There are quite a number of cheaper choices that are very good in Venice. A few I recommend (maybe too frequiently) are Osteria Alla Frasca, Anice Stellato, Alla Fontana, Da Sandro (Osteria San Barnaba) Alla Zucca.There are also some good pizzerias in Venice.(dai Tosi piccolo in Castello, which has other food as well, Ae Oche, a cpl of restaurants, etc) as well as a cluster of rather lower priced restaurants near San Barnaba. Da Alberto near the Rialto is another less expensive restaurant I have seen recommened here. A convenience in Venice is the Rough Guide map, which in addition to being waterproof marks reliable restaurants, helping you find something near where you happen to be at lunch or dinner time. Finally, if you are in Venice for more than a cpl of days, the locally published Eateries of Venice (Osterie Venezia e Dintorni) book is very useful in locating more modest restaurants favored by the venetians, not all of which are on the tourist circuit - its available in bookstores and from the book vendor near the Miracoli church and also maps the restaurants and bars covered.
The above poster's recommendations are good. I may add Bancogiro, La Mascareta, La Bitta (no seafood): even more reasonable with honest food (nothing fancy) are Osteria a Bocco, al Bomba, Al Promessi Sposi. Couple of comments regarding to eating in Venice: good seafood are extremely expensive; there is no rule that one has to order 3 courses: share or split antipasti/primi or skip dessert altogether (eat gelato) as it is frequently not the best (exceptions are F. Toscana and Al Covo); eat simply one night then splurge the next.
I suggest re-posting your request on a separate thread. You will get responses for the other places you are visiting.

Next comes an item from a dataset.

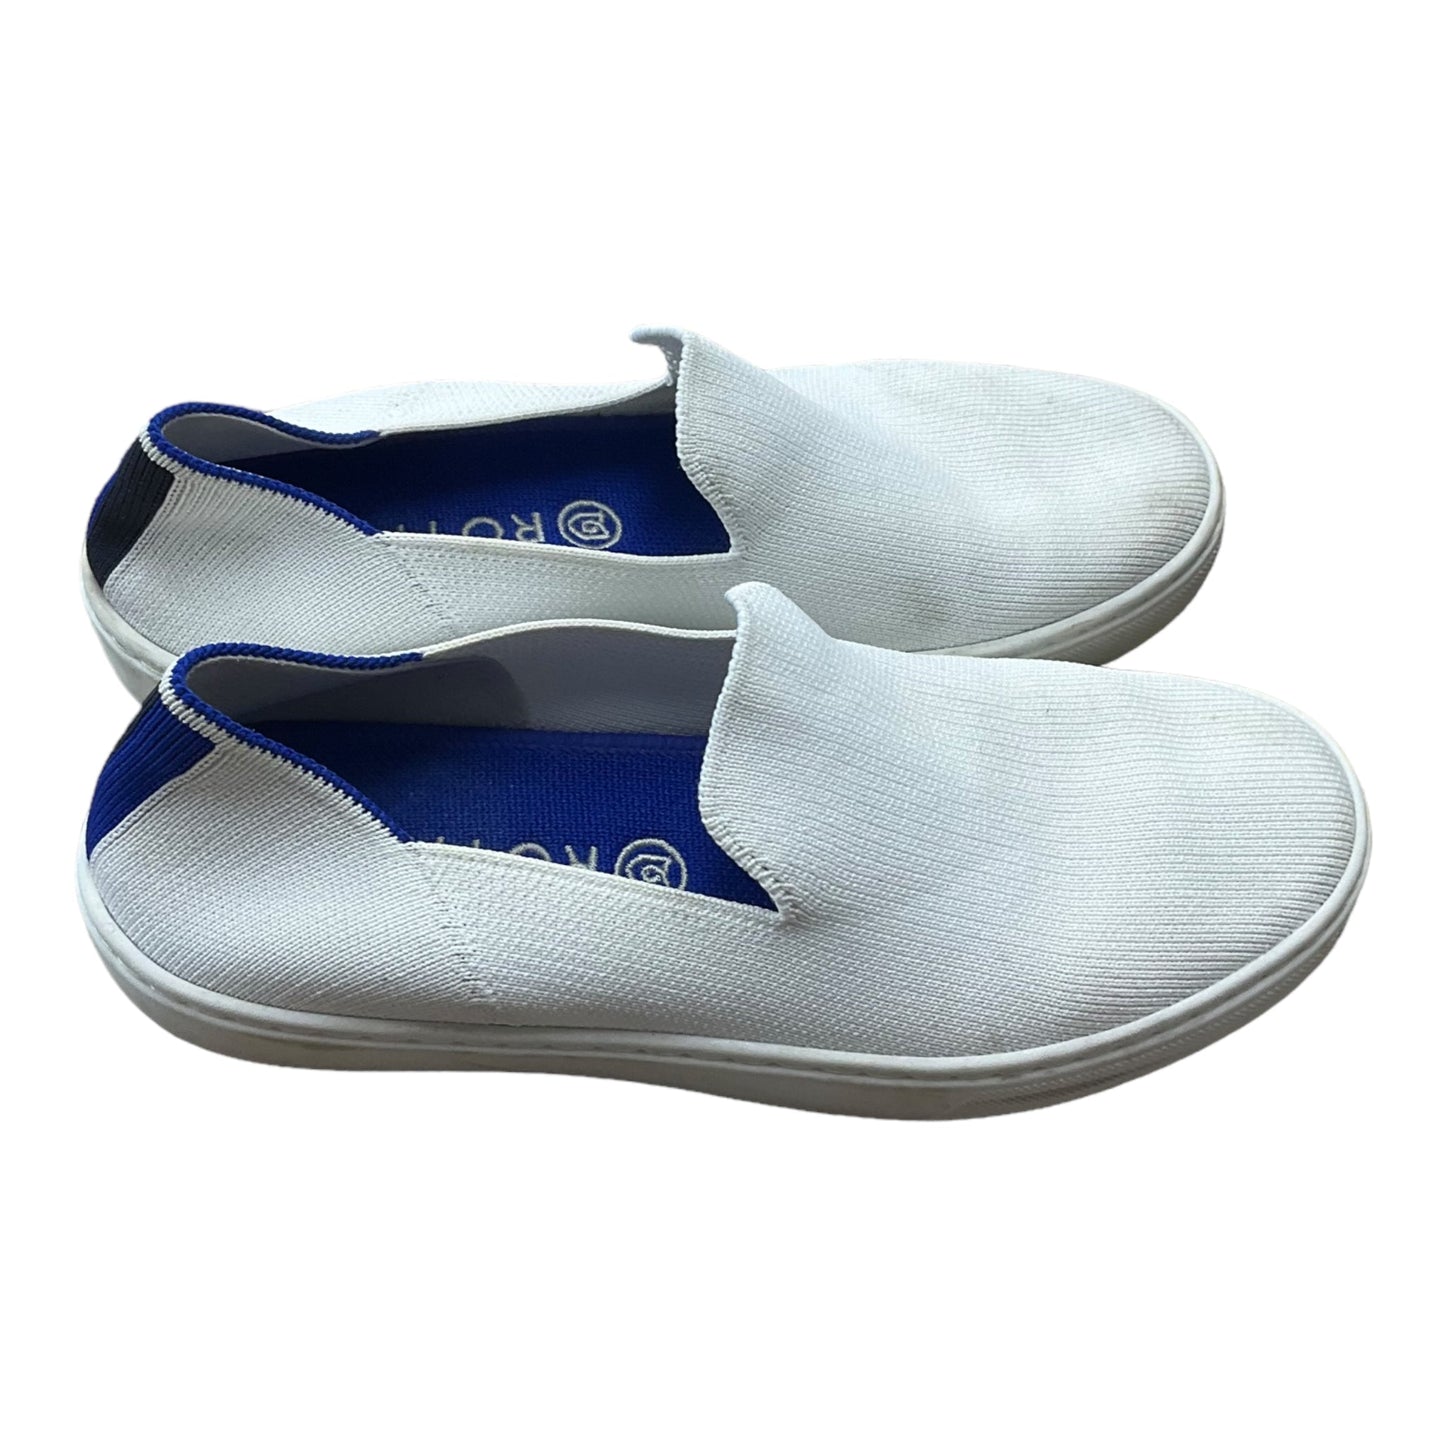 Shoes Flats Boat By Rothys  Size: 6
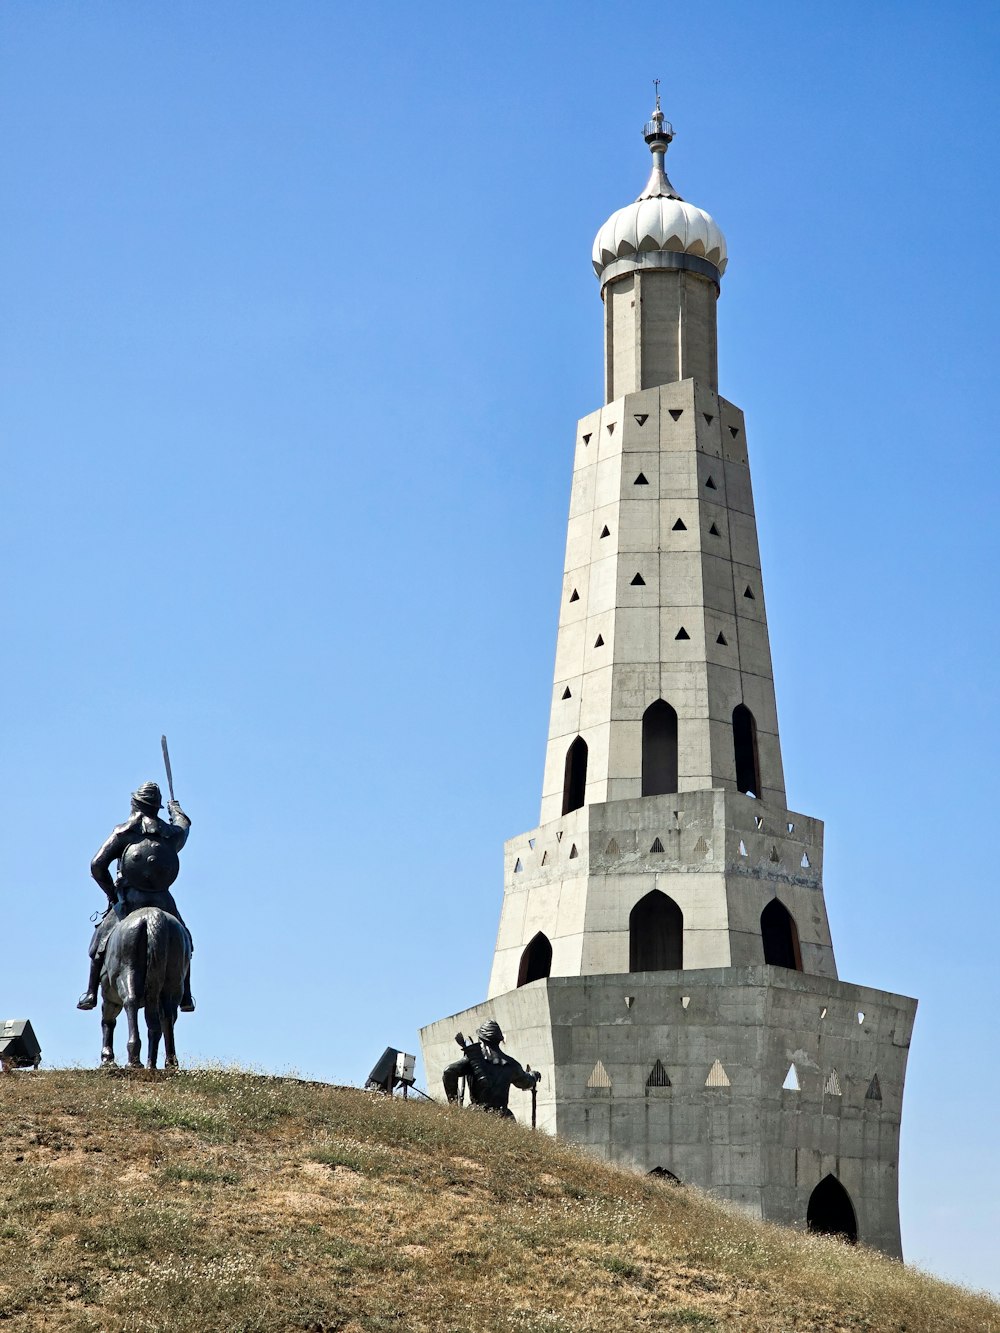 a statue of a man on a horse next to a tower

jen kalb - Thank you for the recommendations on the guidebooks and the restaurant recs as well. We are unfortunately only going to be in Venice for one night, so have to keep things very simple.
PBSF - Greats list of restaurants provided and thanks for the tip on ordering food.
I was thinking about doing a separate post but wasn't sure how many hits I would get. I did some chowhound research and came up with a few places. I'll give the separate post a shot. Please feel free to add more comments. Very much appreciated.
If this is my first trip to Venice and have only one night, I would eat dinner OUTSIDE at Bancogiro. Of course, make sure it is not raining. It is located in the San Polo , near the Rialto market. Make sure you don't get suckered into the places just off the bridge. The food is good and is moderately priced (might stretch your budgets just a little). The view is wonderful and it doesn't have the overly tourist feel of many restaurants facing the Grand Canal. I would order seafood that is uniquely Venetian: spider crab, baby seppie, little soft-shelled crab called moleche, tiny baby gray shrimp, canoce.
Hi Tony and PBSF -
Sorry for my delay in responding to your inquiry.
I have to agree with PBSF, most restaurants in Venice have a strong seafood base. I am partial to seafood and I guess it shows in my write-up. However, there are many outstanding non-seafood choices. Amazing prosciutto is everywhere. I love it. The pasta dishes are to die for and available at pretty much every restaurant in Venice. And yes, you must include the pasta. Veal is also on most dinner menus. We went on diets and detoxed when we came home.
Tony - We really enjoyed Ca d’Oro (Alla Vedova). We found it to be very reasonably priced and filled with locals. You can make a reservation for dinner the day of, but make a resie. AND - promise me that you will have at least 3 meatballs. We loved them. Enjoy your trip.